[Beowulf] MD check/scrub

Tue Nov 13 11:52:58 PST 2007

Bill Broadley <bill at cse.ucdavis.edu> writes:

> Leif Nixon wrote:
>> Reconstruction. With raid 6, you can recover from single-disk
>> corruption (As opposed to *failures*, where you get read errors from a
>> disk. Raid 6 can handle two simultaneous disk *failures*.).
>> See section 4 in:
>> http://www.kernel.org/pub/linux/kernel/people/hpa/raid6.pdf
>>
>
> I just read it.
>
>> Just recalculating the parity blocks does give you a consistent raid
>> stripe, but destroys your data (unless it actually was one of the
>> parity blocks that was corrupted).
>
> Er, that's not how I read it at all.  To quote:
>
>  In the case of data drive corruption, once the faulty drive has been
> identified, recover using the P drive in the same way as a one-disk
> erasure failure.

I think you misunderstood me. This quote is about how it *should* be
done. My point is that as far as we can tell many raid controllers, as
well as the current md driver, don't do this.

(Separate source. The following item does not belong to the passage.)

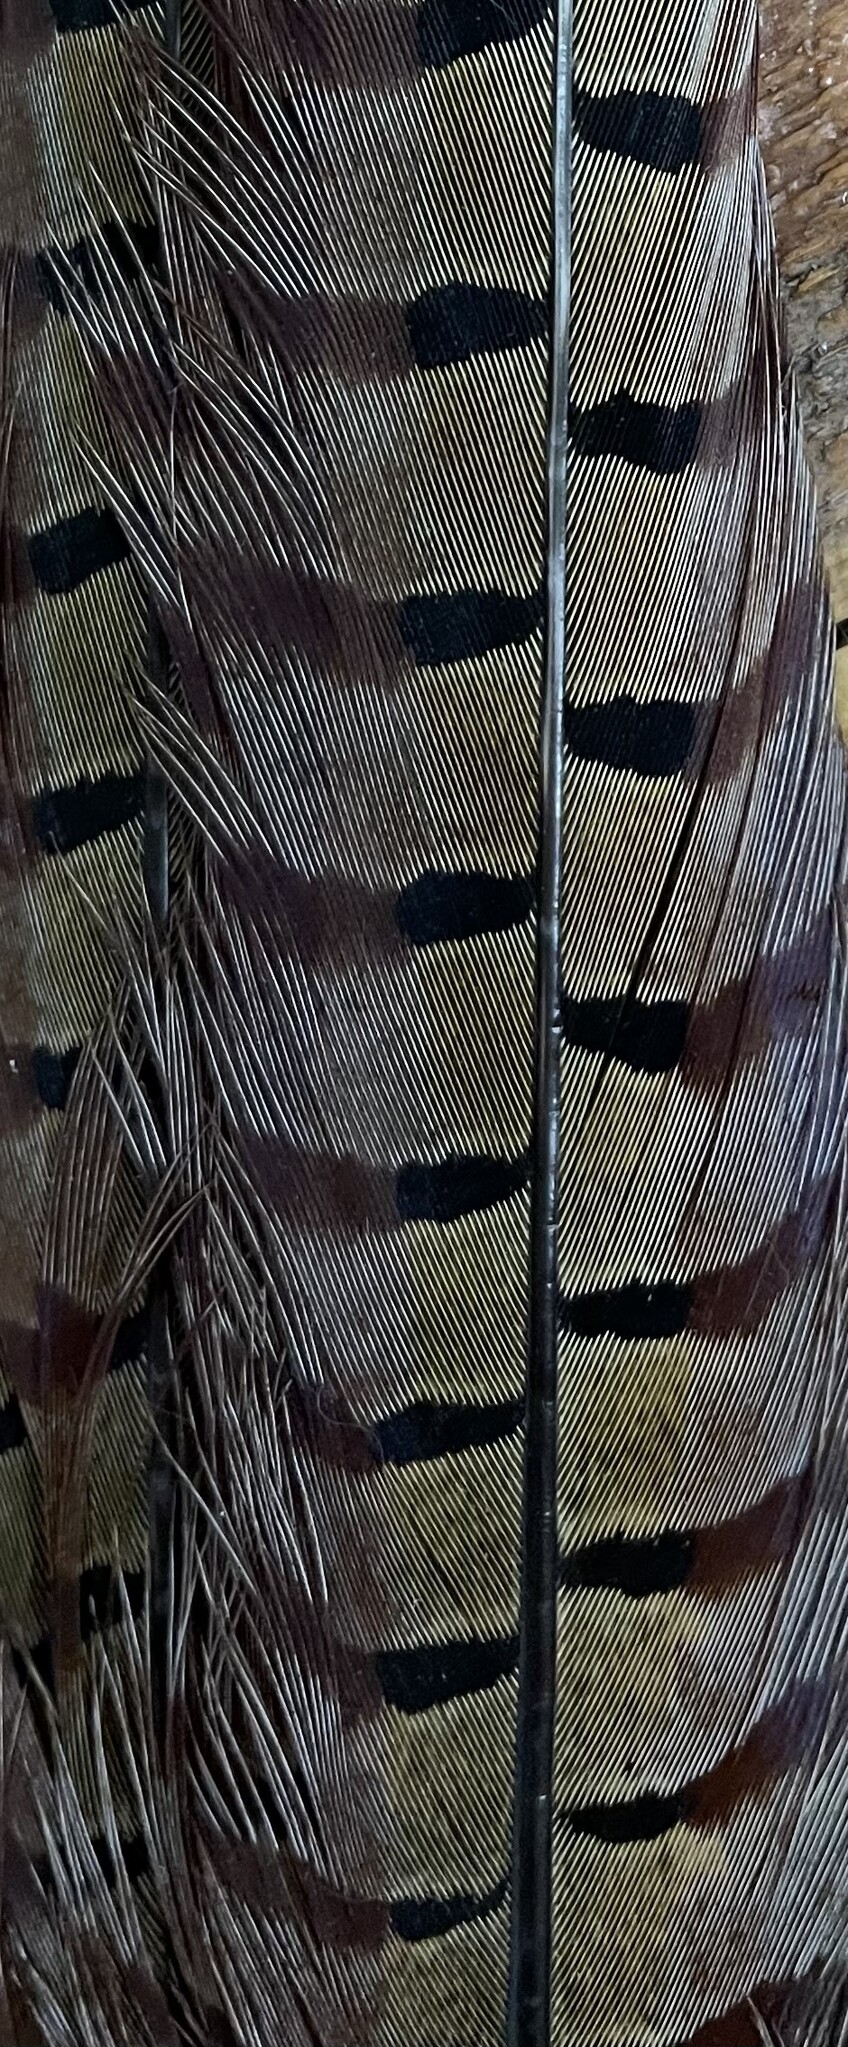 Pheasant Tail Clumps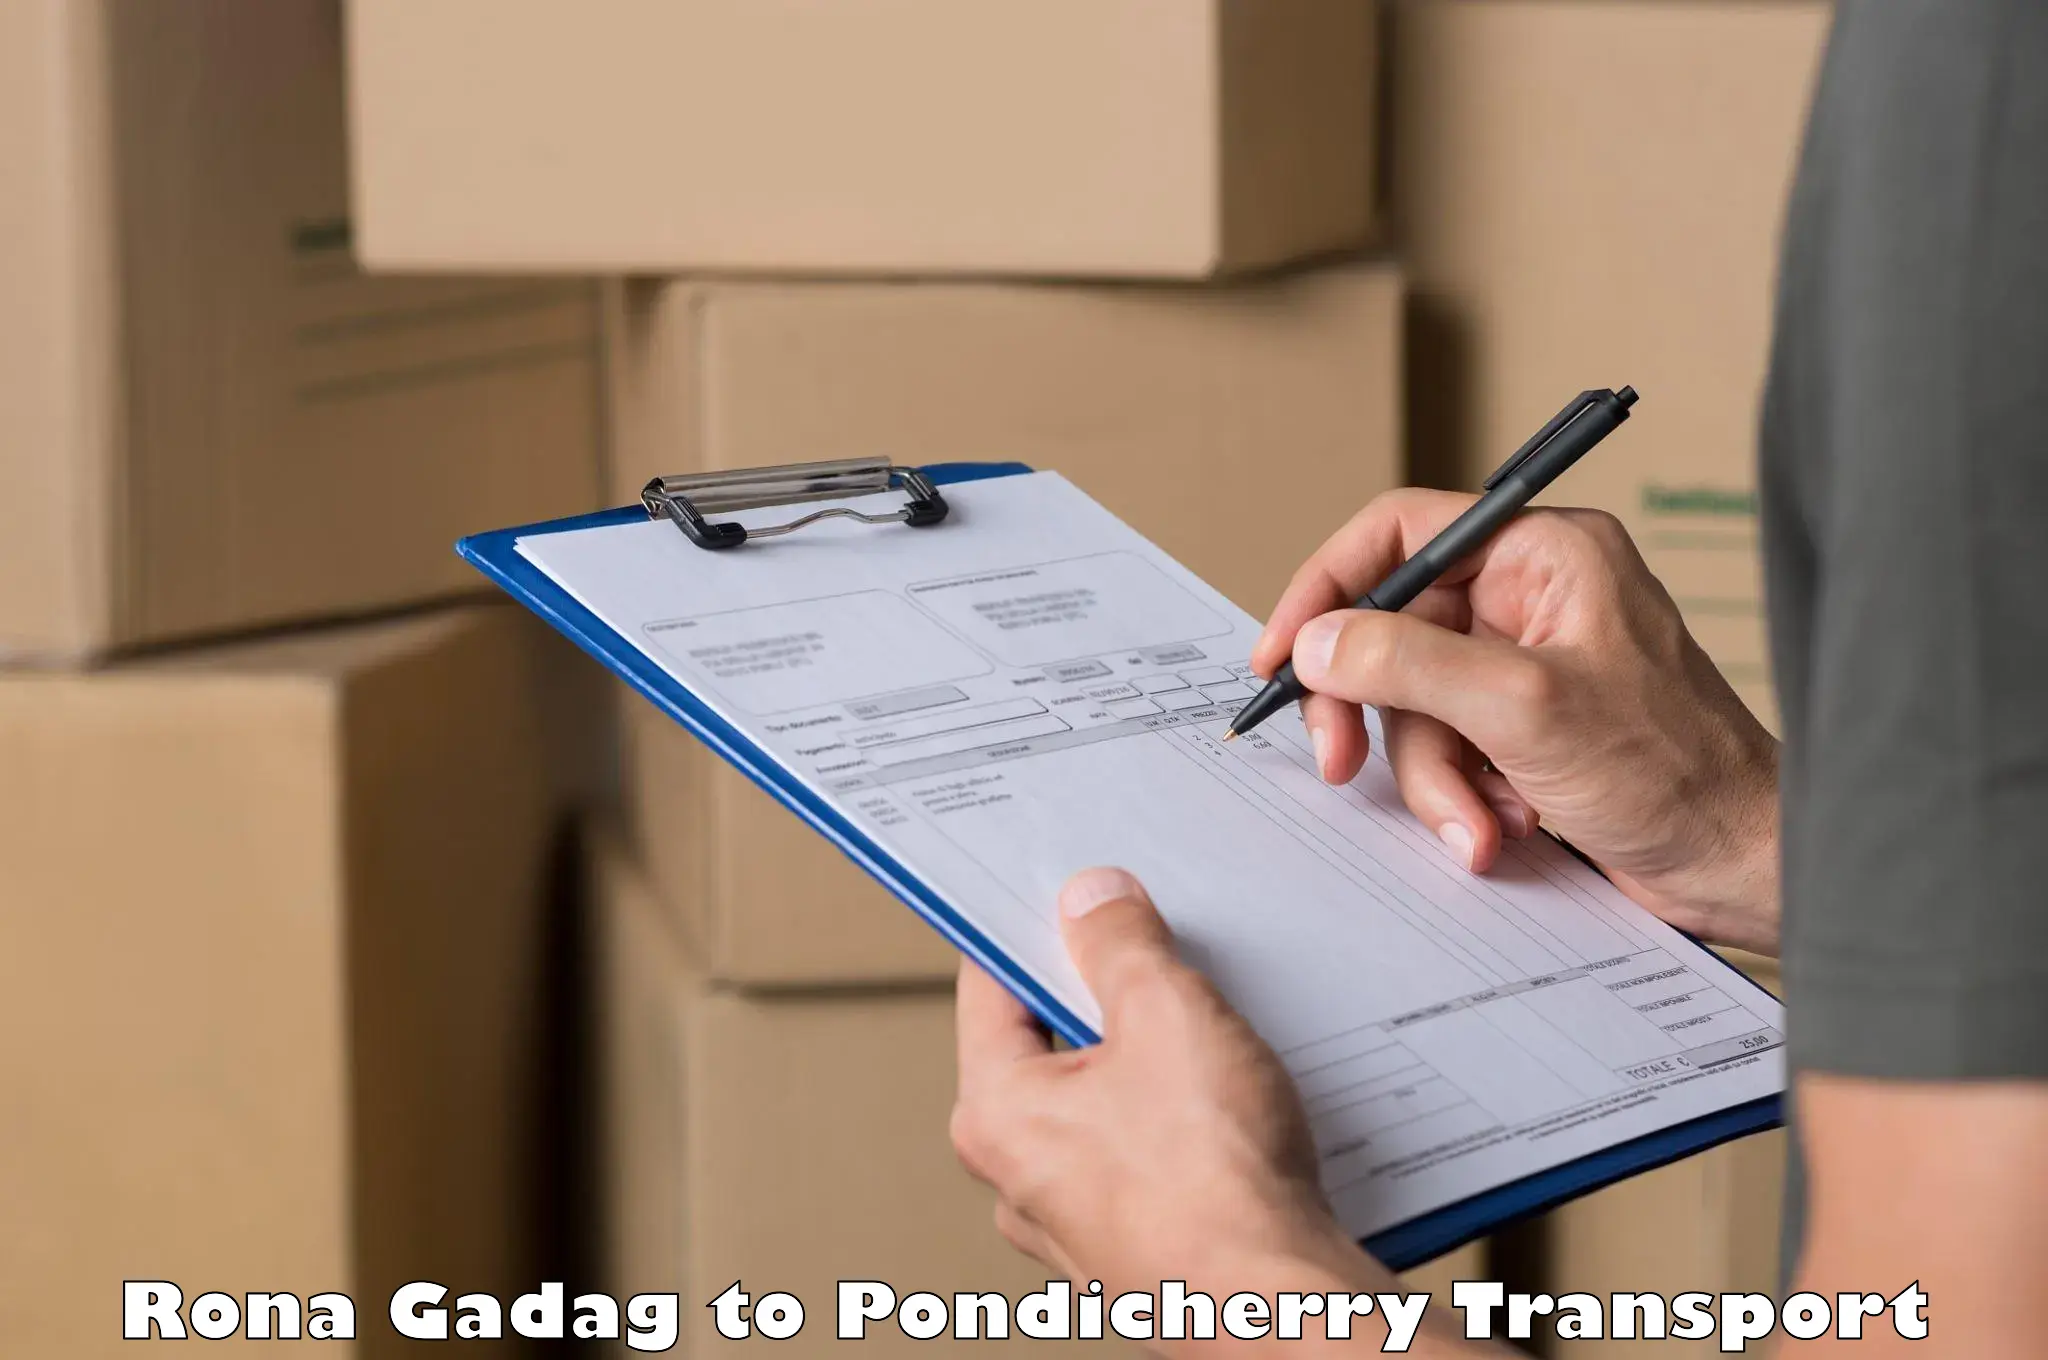 Daily transport service Rona Gadag to Pondicherry

If they find an inconsistent stripe they don't try to identify the
corrupt block. Instead, they dumbly *recompute P and Q*, which of
course makes the stripe consistent, but *leaves the corrupt data in
place*.

-- 
Leif Nixon                       -            Systems expert
------------------------------------------------------------
National Supercomputer Centre    -      Linkoping University
------------------------------------------------------------